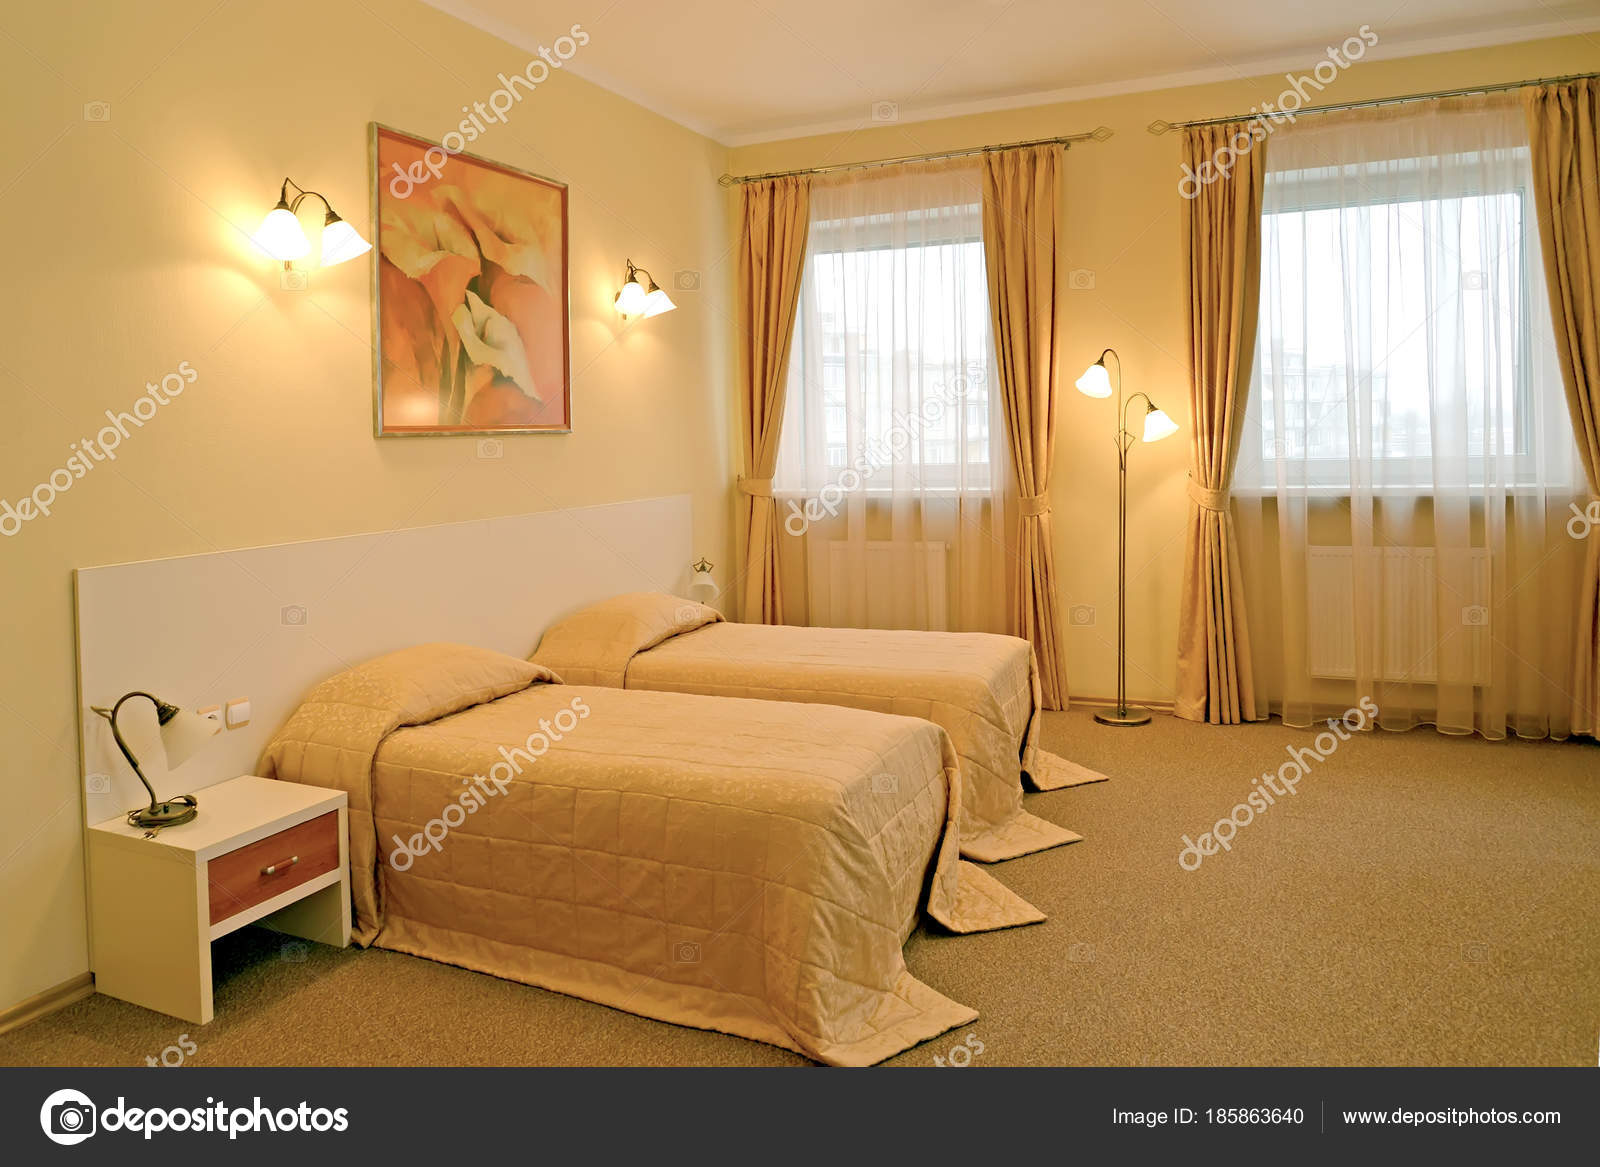 AuBergewohnlich Das Klassische Schlafzimmer Mit Zwei Betten In Warmen Farben U2014 Foto Von  Vodolej
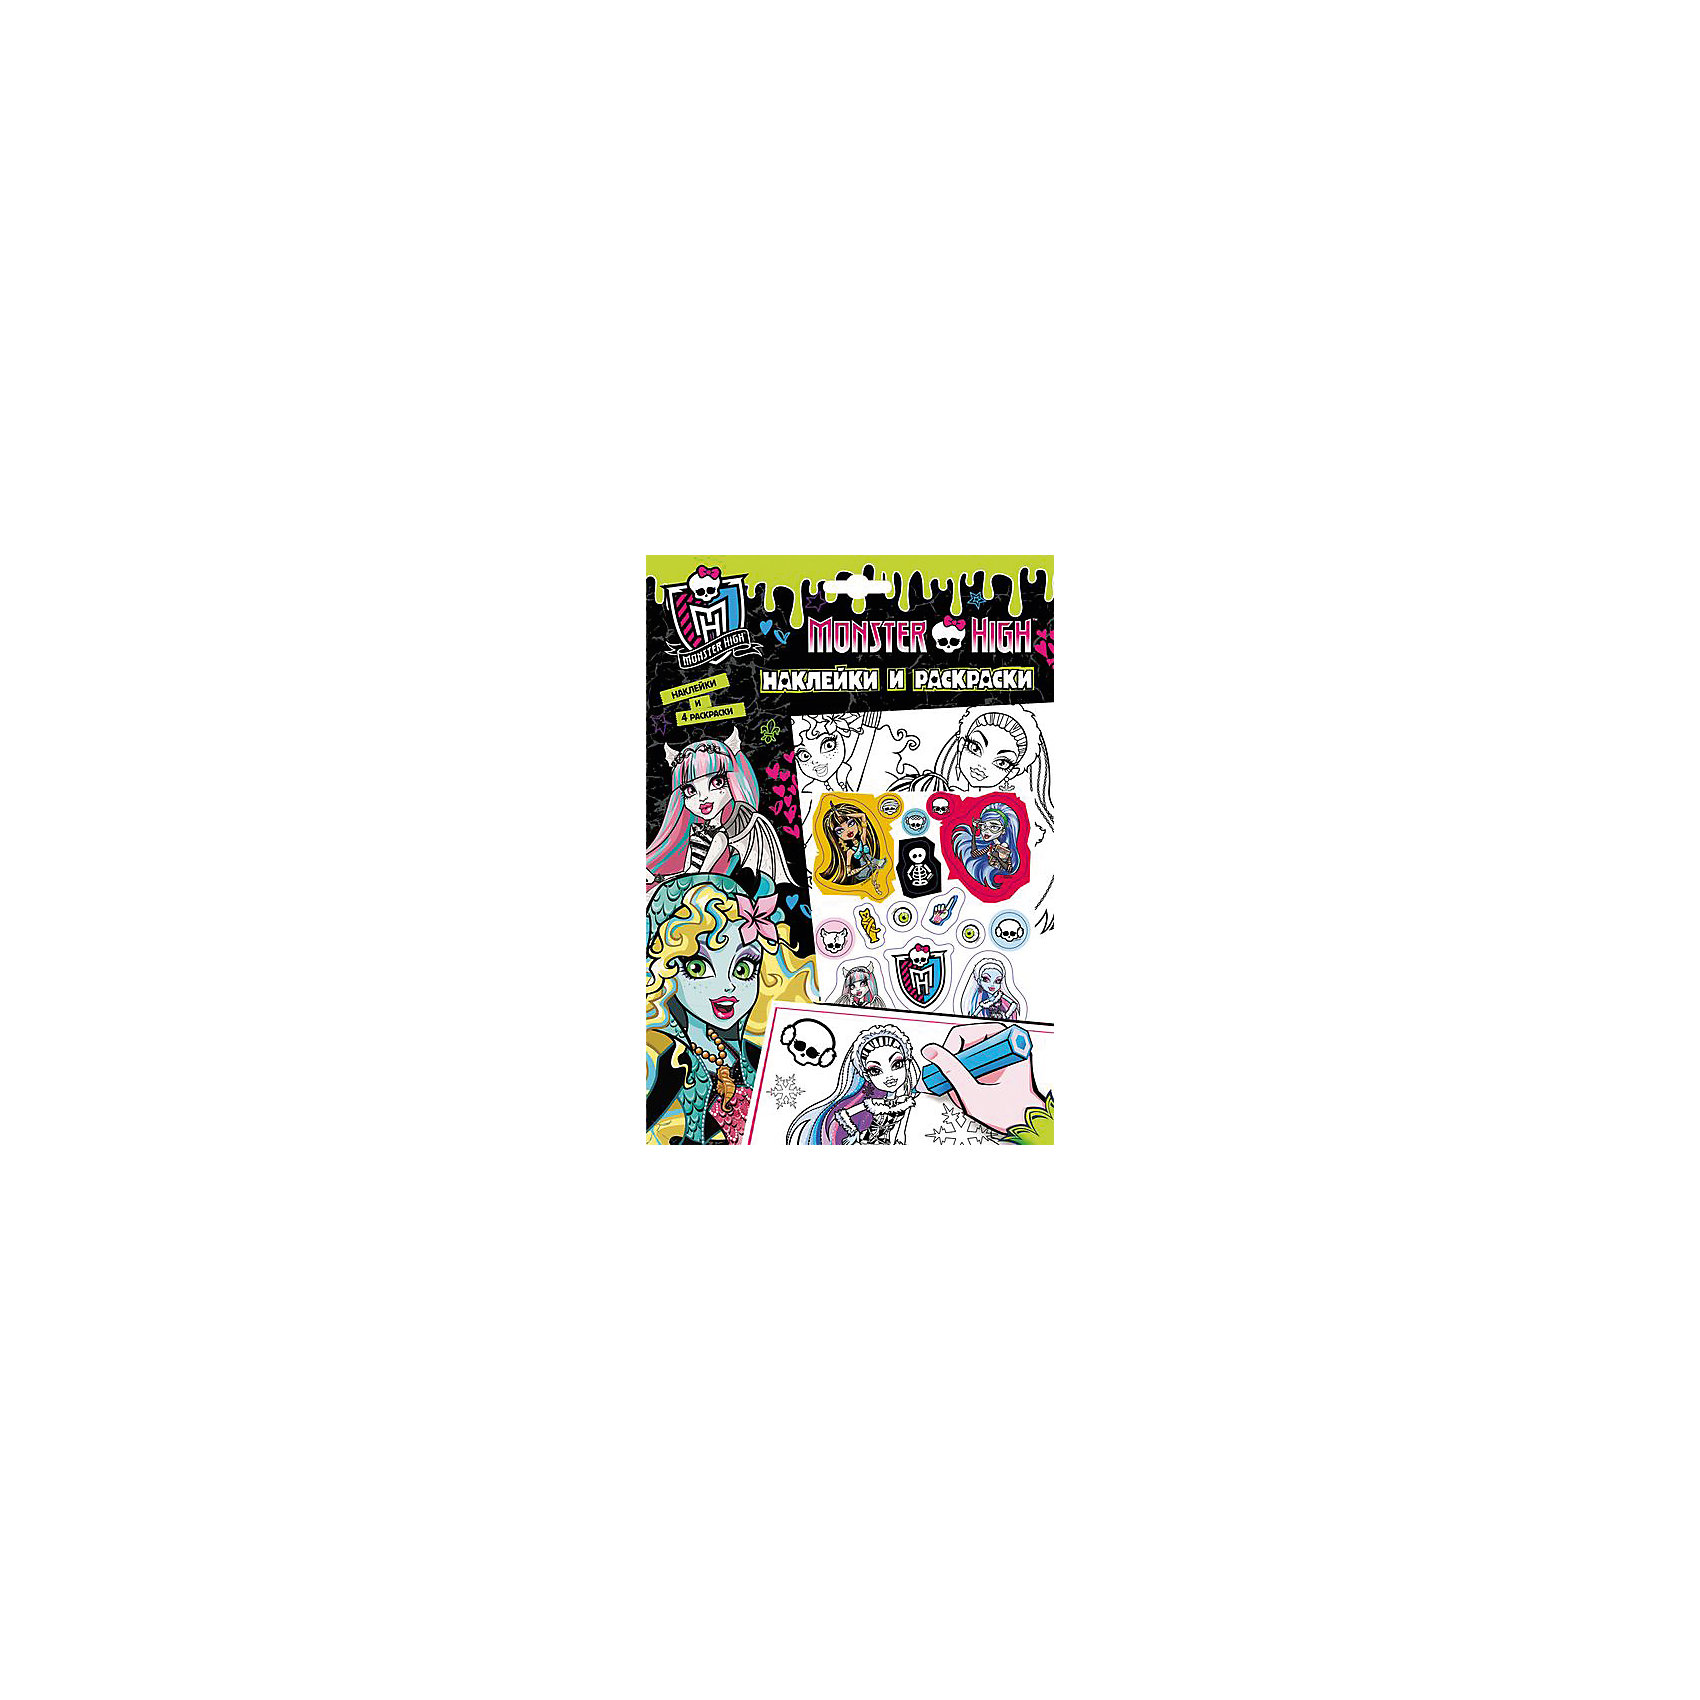 Росмэн Наклейки и раскраски (зеленая), Monster High росмэн наклейки и раскраски голубая monster high
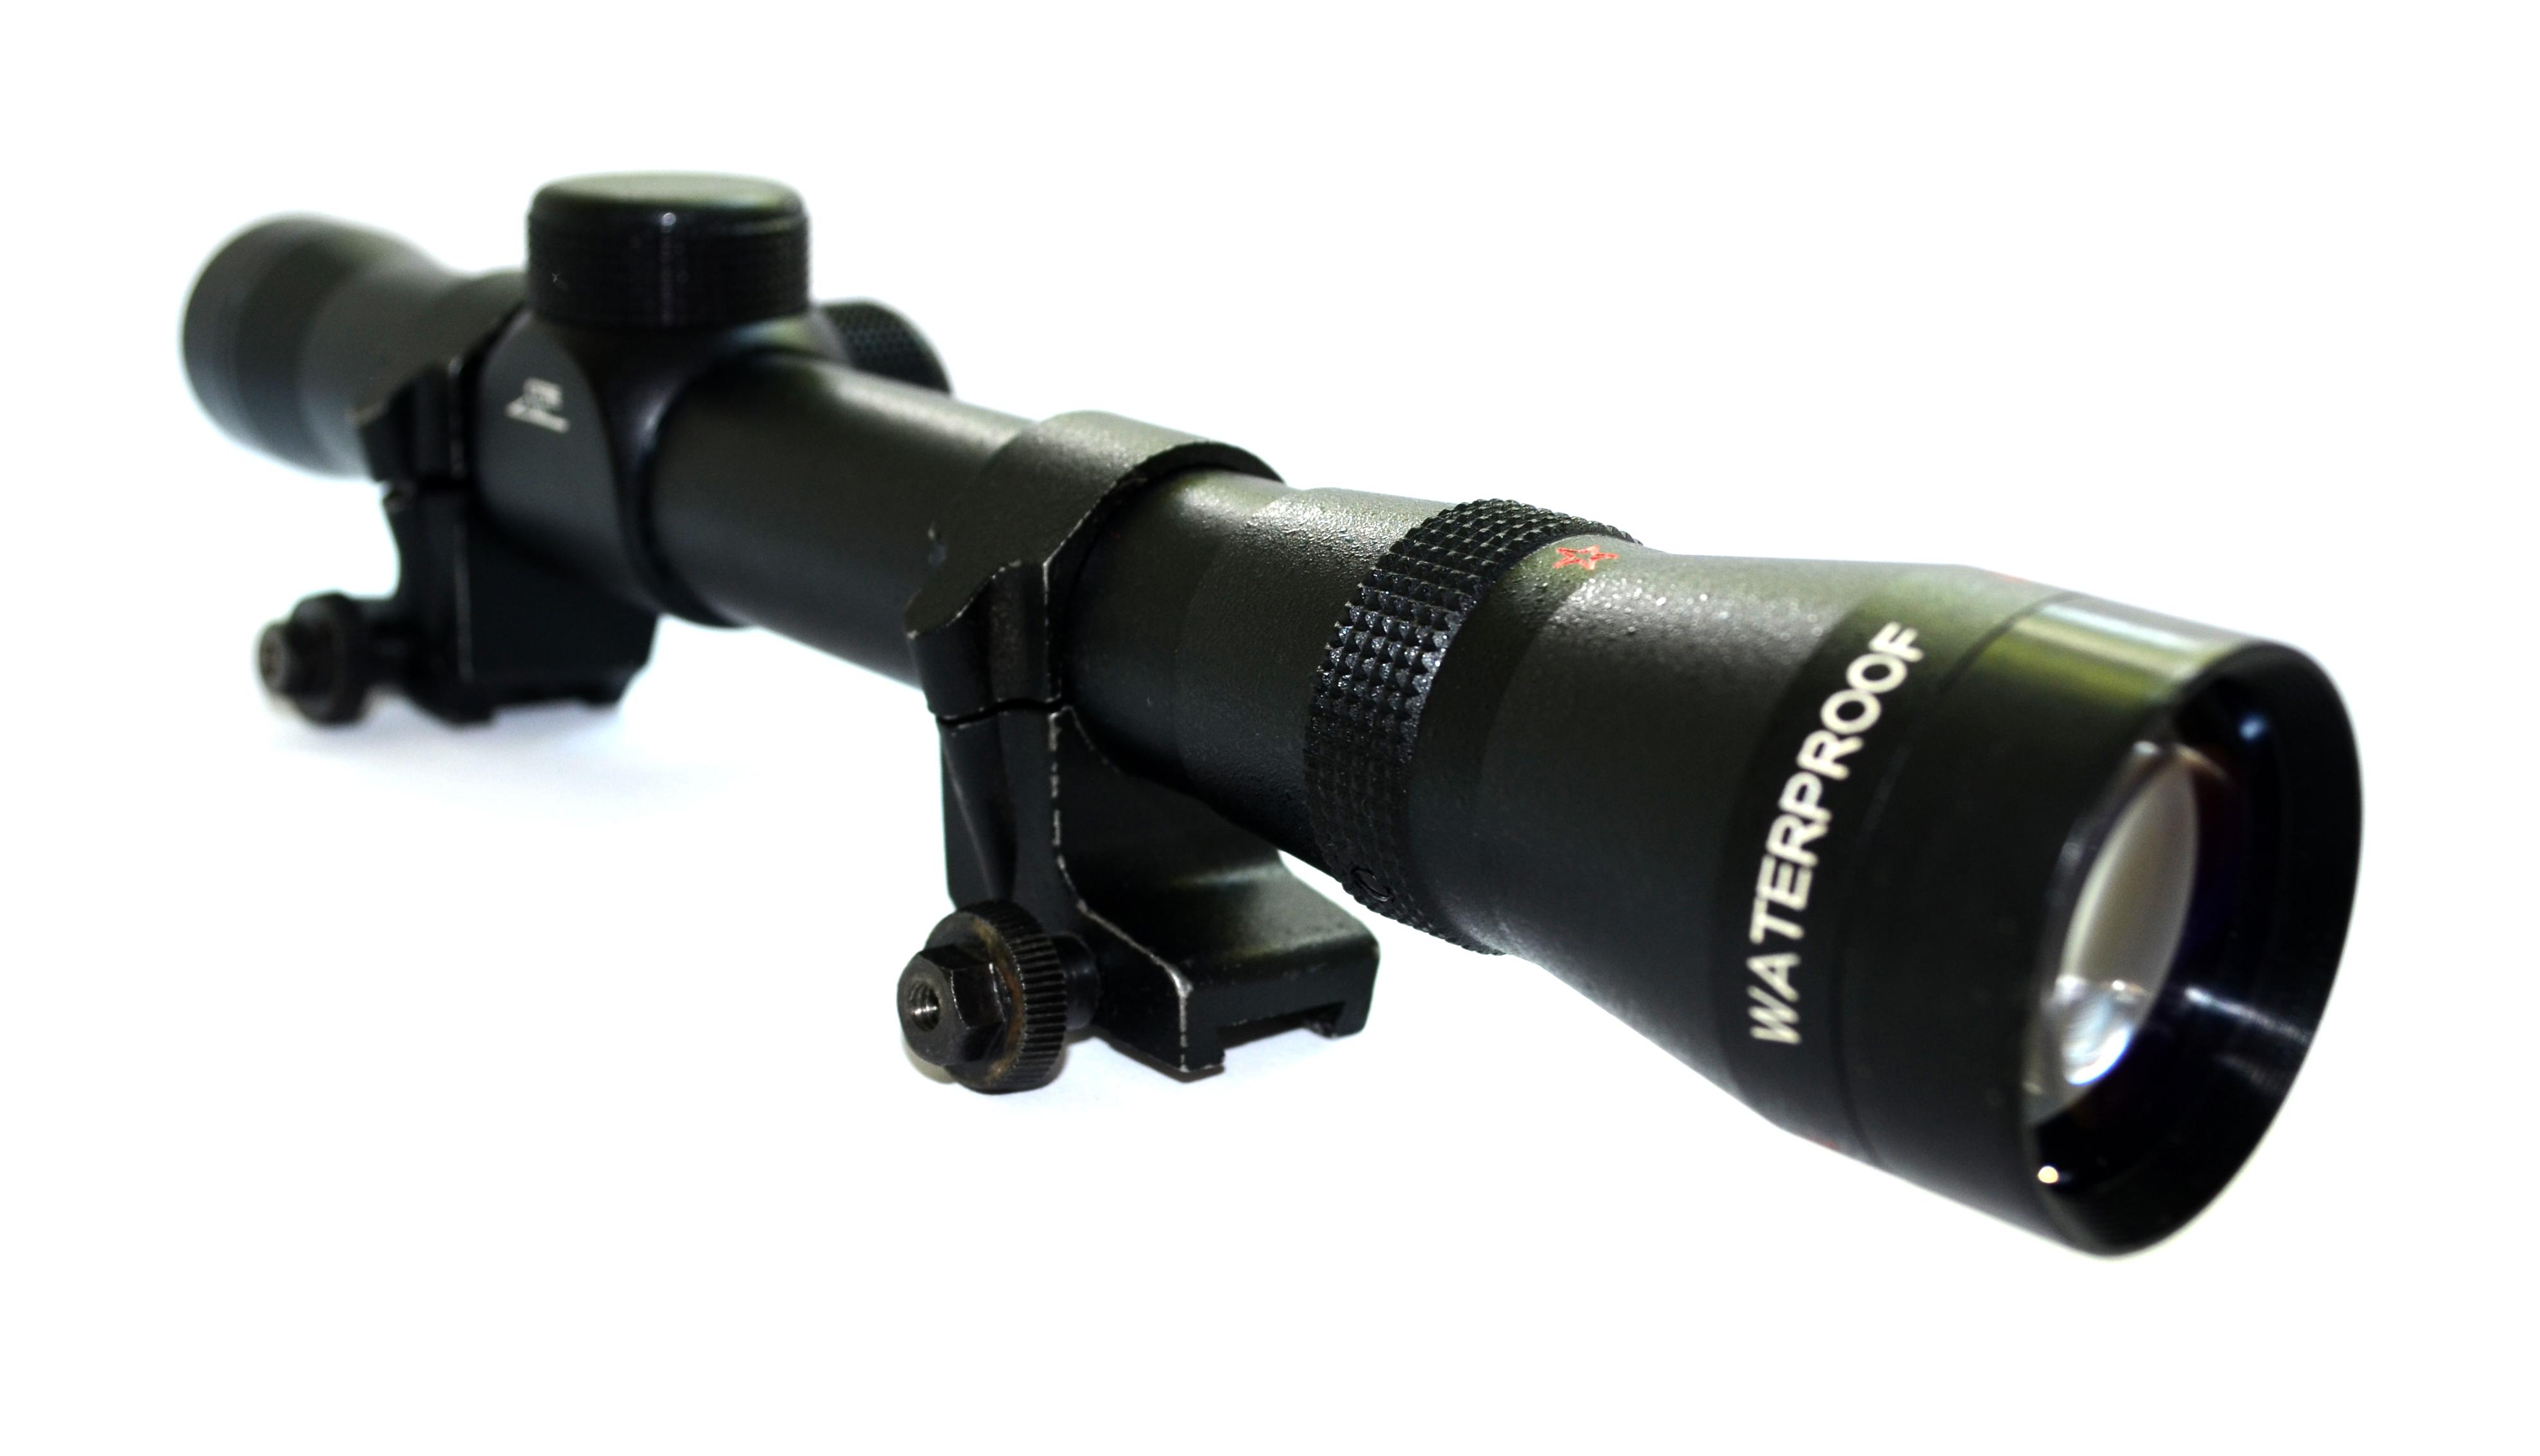 Оптические прицелы компании Bushnell – высокотехнологичные устройства премиум-класса
+--
→ AIM OF THE TASK:
The whole listing is to be retyped exactly, with its pictures removed.

→ EXERCISE OUTPUT:
 AuBergewohnlich Das Klassische Schlafzimmer Mit Zwei Betten In Warmen Farben U2014 Foto Von  Vodolej
 Росмэн Наклейки и раскраски (зеленая), Monster High росмэн наклейки и раскраски голубая monster high
 Оптические прицелы компании Bushnell – высокотехнологичные устройства премиум-класса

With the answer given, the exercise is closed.